Air Travel Under Cloud
Posted 12th January 2001
by Alan Marston


In the latest of rolling revelations an Air New Zealand Boeing 747 carrying 397 people and an American with two pilots onboard on a test flight avoided a head-on collision and 399 deaths only because pilots looking out their cockpit windows steered their aircraft away from each other. The ongoing issue of deep vein cloating (DVC) in air travellors legs, a life-threatening health condition, continues to lower the public reputation of airline travel safety. Combine this with high fuel costs and the my storm warning instincts recommend everybody involved in the airline industry should fasten your seatbelts, looks like a rough ride directly up ahead. In respect of the near miss, the United States National Transportation Safety Board's preliminary findings, issued yesterday, report that the incident happened largely because the United States Navy ignored procedure, ie, human error with disaster avoided onlybecaused of air-to-air collision warning system did work in both planes. When the American plane went out of the naval radar range, the navy did not coordinate the plane's test flight with the commercial air traffic control centre.
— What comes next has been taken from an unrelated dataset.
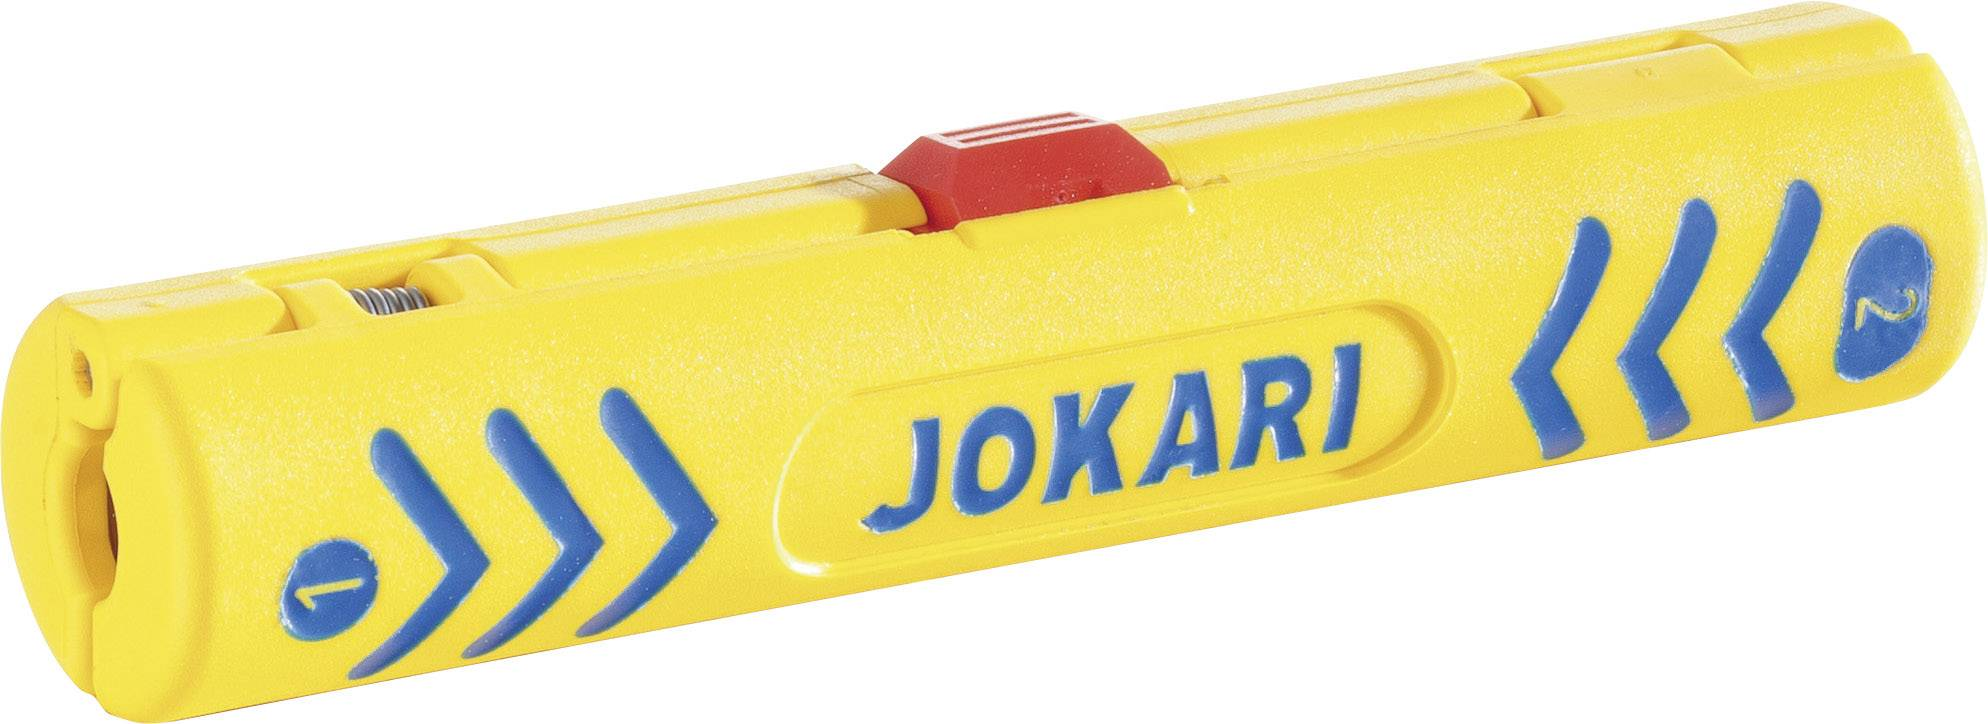 Odizolovač Jokari Secura Coaxi No.1 30600, 4.8 do 7.5 mm

Even less re-assuring is the news that the US agency responsible for air safety initially had trouble tracking down the American plane, which was on an engineering test flight. The point at issue would seem to be will many airlines go out of business? But that's not what concerns me, I don't have shares in an airline company, and neither do the vast majority of people who travel by air - and who keep the planes flying in the financial sense. My worry as an inhabitant of the Antipodes is the affects on my health and well-being when flying to... well almost anywhere, apart from the South Pacific countries. And, as a person who likes to think of himself as cognisant of the bigger picture, I worry about the pollution caused by the airline industry's planes and how that plus the consumption of fossil fuels will affect the viability of the eco-system.
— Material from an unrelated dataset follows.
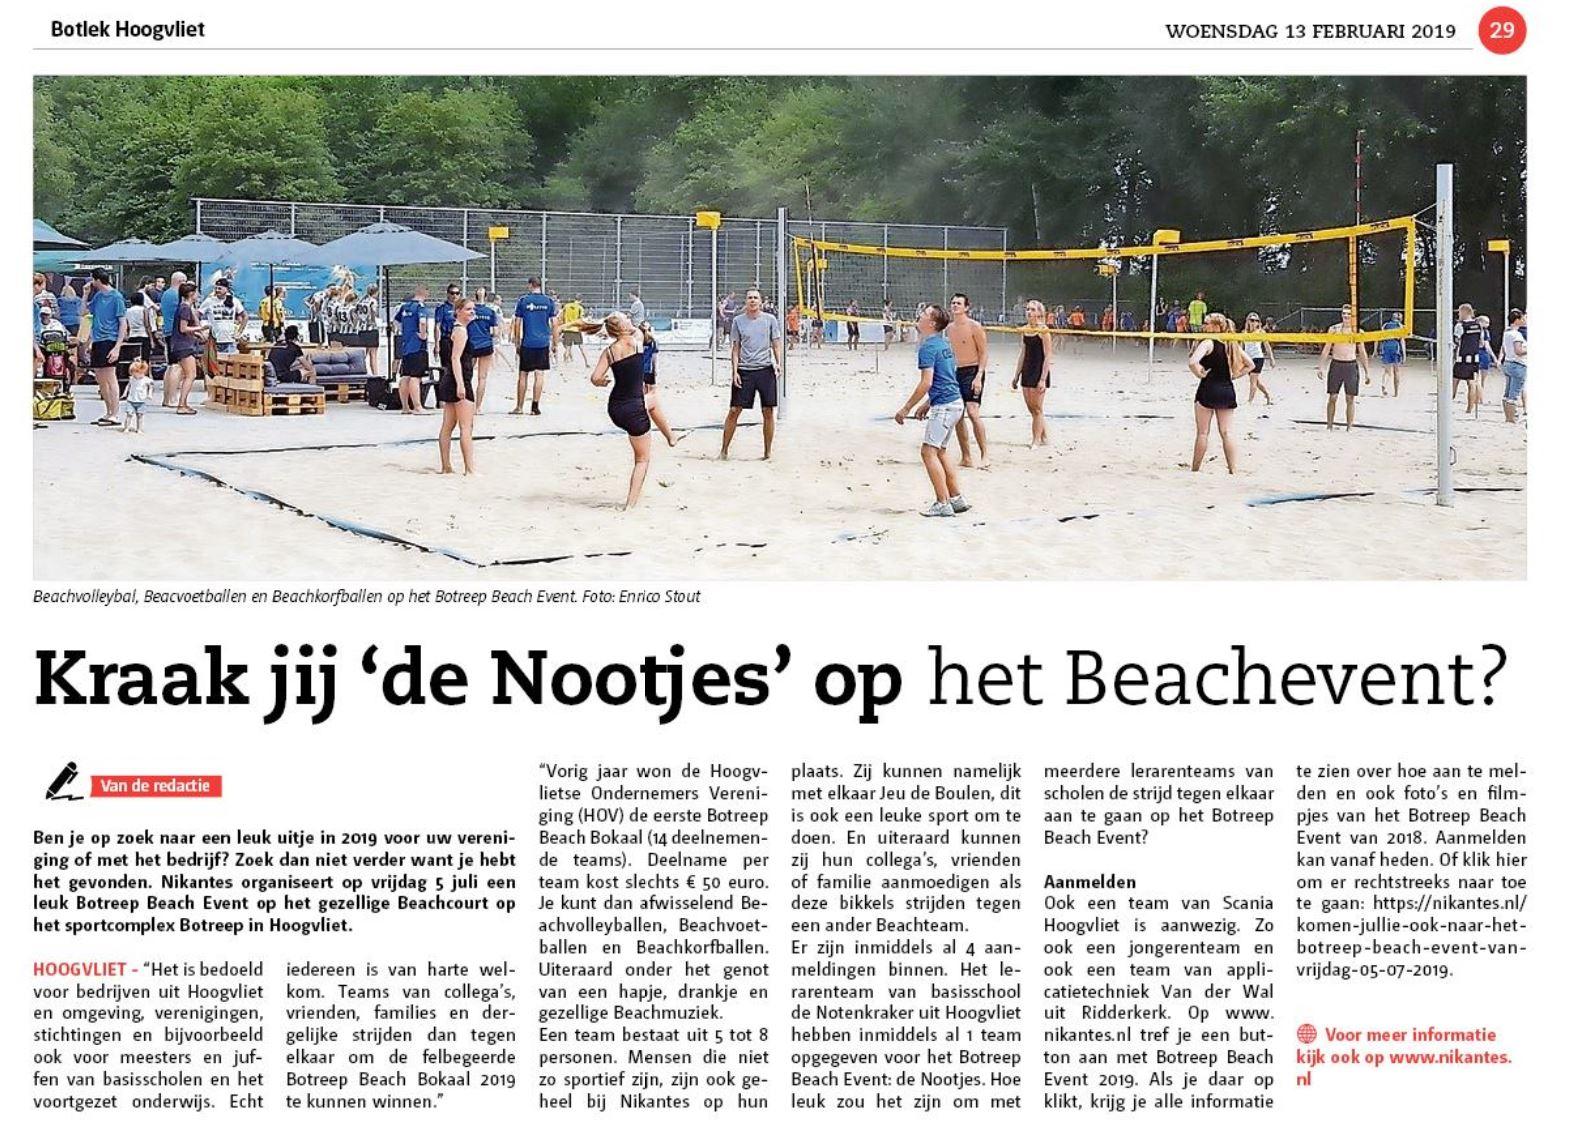 Botreep Beach Event In De Botlek Van Woensdag 13 02 2019

The airline industry is a classic example of corporate worst-practise:

* Consumer of finite resources

* Highly polluting

* Promotion of pleasure principle above all else

* Emphasis on cheapness and hence business focus on cost-cutting

* Inherently dangerous and unhealthy

* Corporate control grouped into exclusive regional cartels prevents honest competition

* Public image way out of line with industrial realities Airline industry in powerful downdraft?

Yes, and about time. I hope a massive PR offensive doesn't pull them out negative spin this time and they are forced to actually do something to address the points above and make air travel safer for the planet and for people, all people.